Smartphones ‘Can Be Unlocked’ Using Covert Sensor Data

touch screen smartphone

Singapore researchers used sensor information freely available to any mobile app to unlock Android phones in only three tries

Researchers in Singapore have demonstrated a machine learning technique that could allow hackers to accurately determine a smartphone’s access code in three guesses, based on information collected from the device’s sensors.

The Nanyang Technological University (NTU) study collected data from six Android smartphone sensors as three users entered a set of 70 randomly selected, four-digit passcodes, and used a machine-learning algorithm to analyse how the phone tilted or how much light was blocked by the user’s hand as each digit was pressed.

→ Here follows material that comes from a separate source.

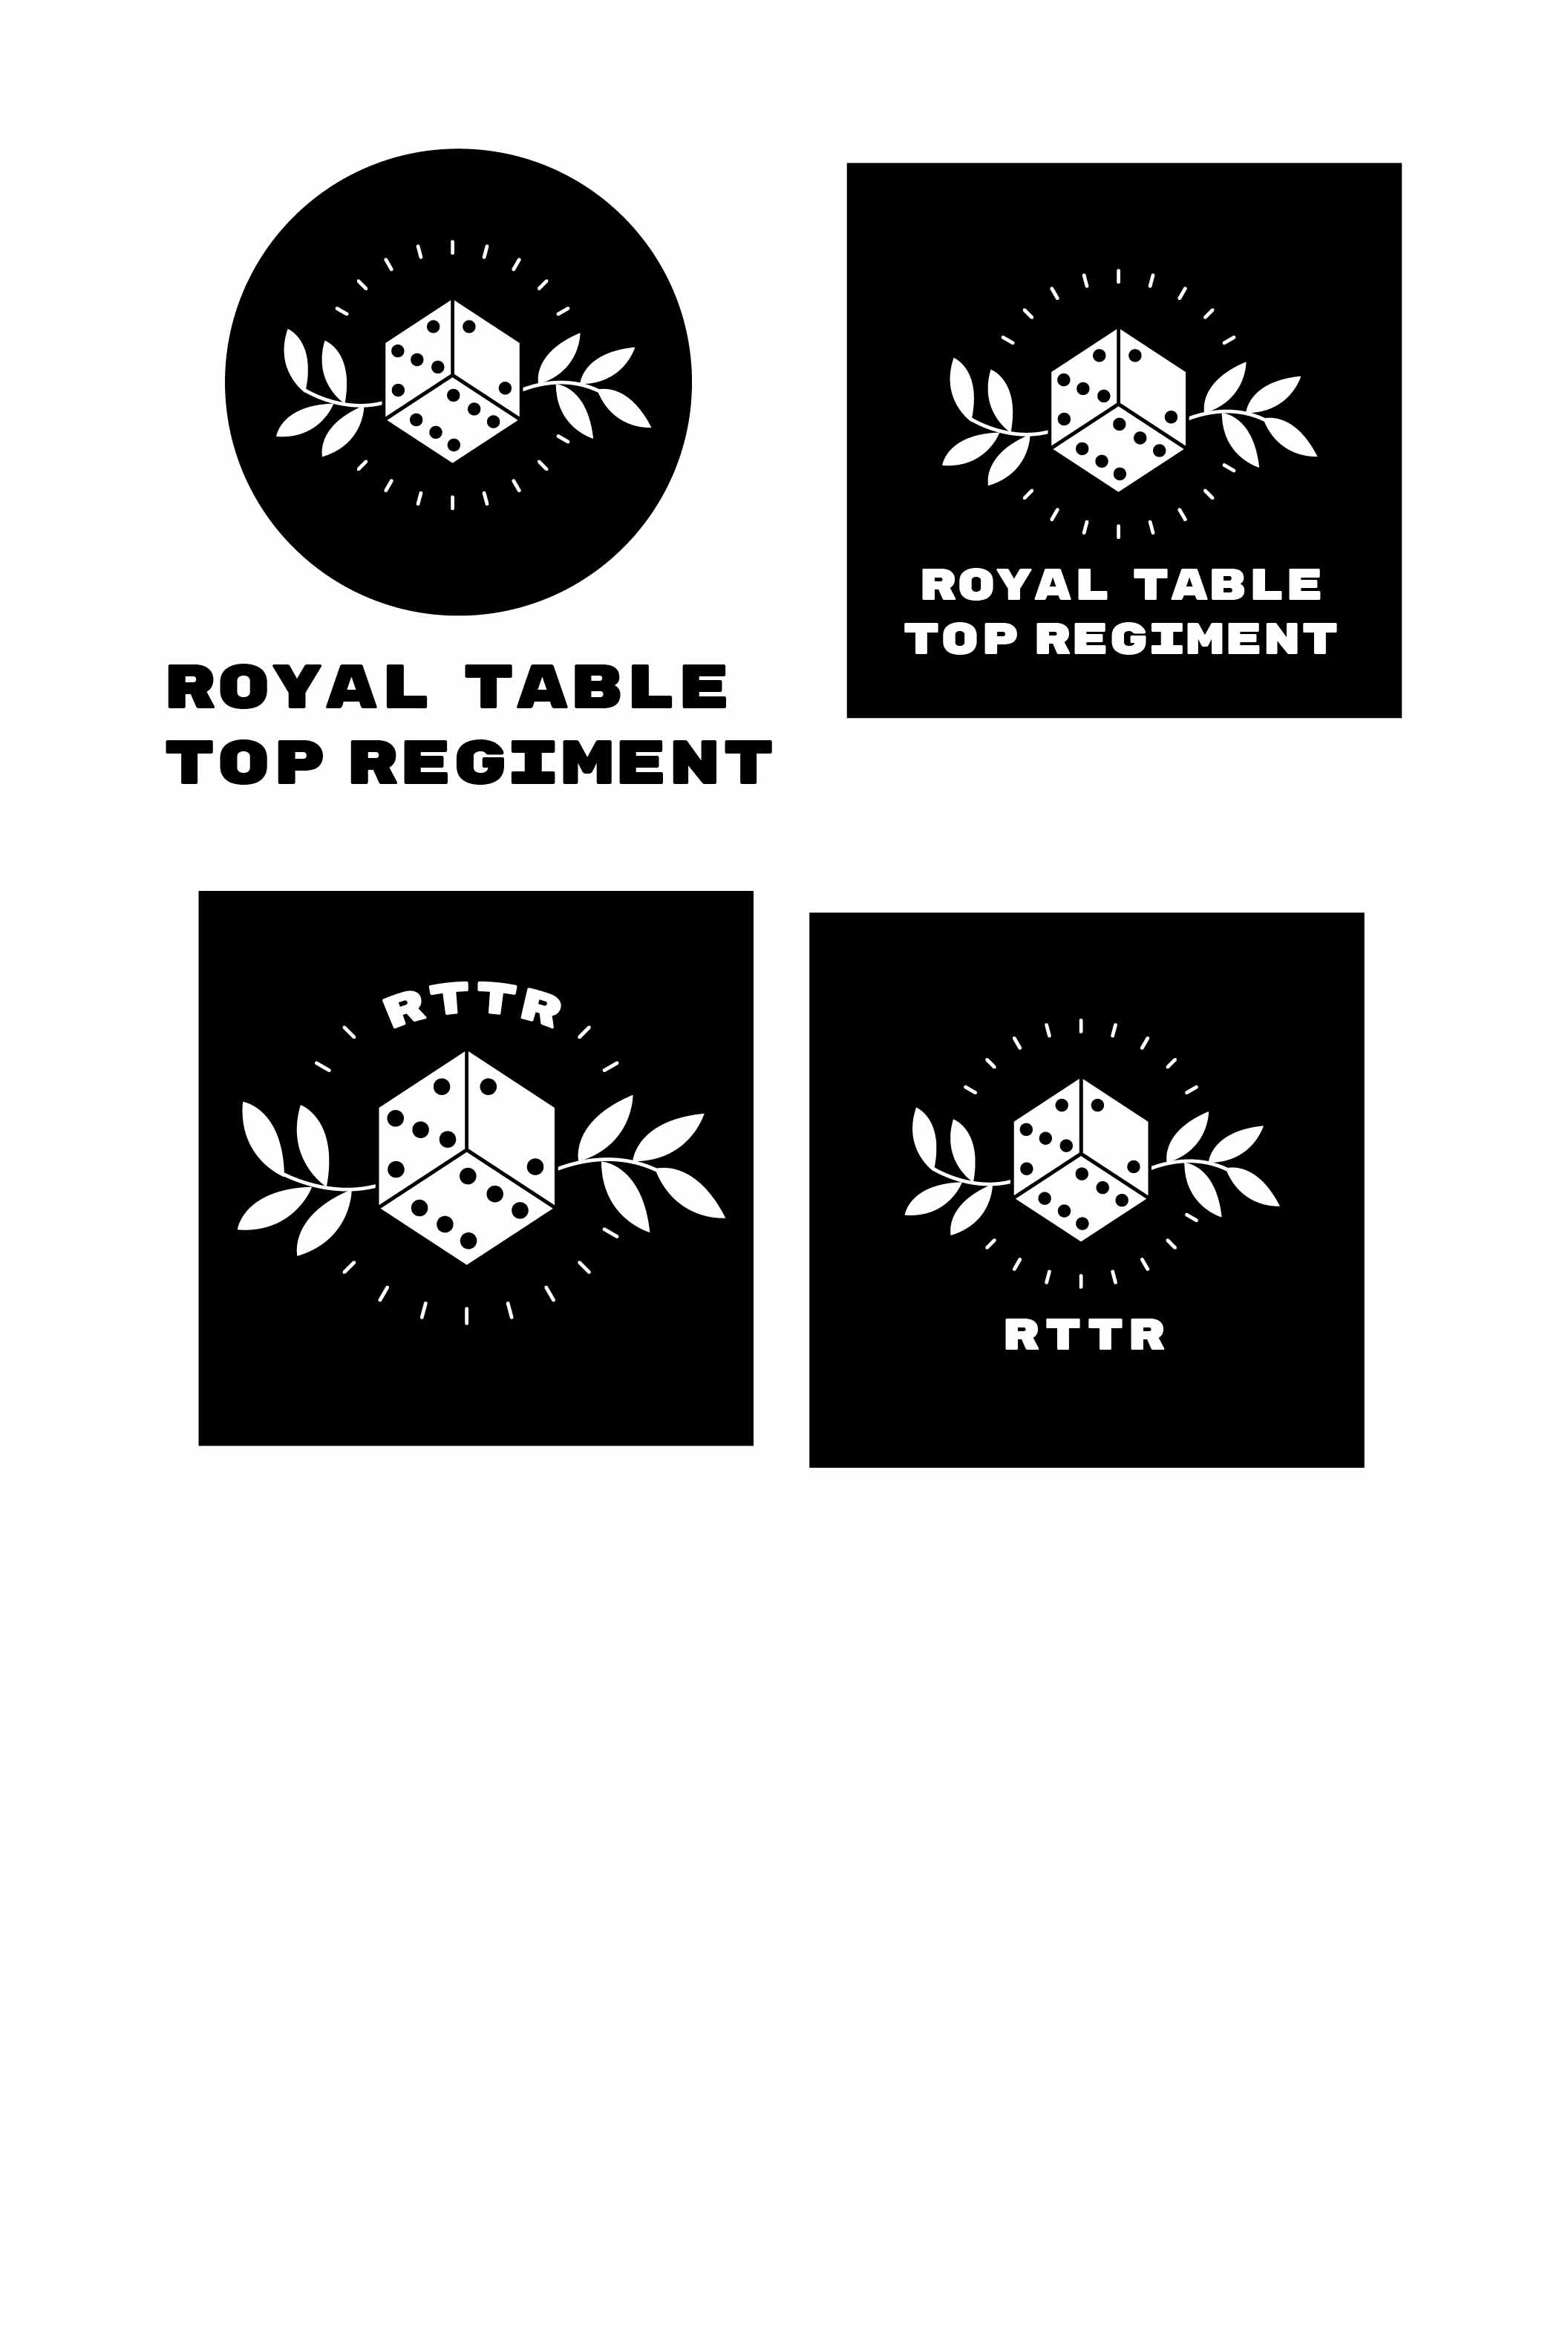 Image of the process of creating the new RTTR logo

The system was able to unlock an Android smartphone with a 99.5 percent accuracy rate in only three tries, when used on a phone that was protected using one of the 50 most common four-digit access and privacy

Researchers said the system could be expanded to work on all the possible combinations of four-digit numbers.

Sensor spying

Their study is similar to one published by Newcastle University last year, which achieved 70 percent accuracy on the first try, rising to 100 percent in five guesses.

In both cases, researchers collected data from phone sensors, with the NTU Singapore study using information from the phone’s accelerometer, gyroscope, magnetometer, proximity sensor, barometer, and ambient light sensor.

“When you hold your phone and key in the PIN, the way the phone moves when you press 1, 5, or 9, is very different,” stated Dr. Shivam Bhasin, who worked on the 10-month project with David Berend and Dr. Bernhard Jungk.

Both studies highlight the way seemingly unimportant sensor information can be used to crack even critical security protections.

The sensors used in the NTU study require no permissions to be granted to an app by a phone’s user and as such are available to any mobile software.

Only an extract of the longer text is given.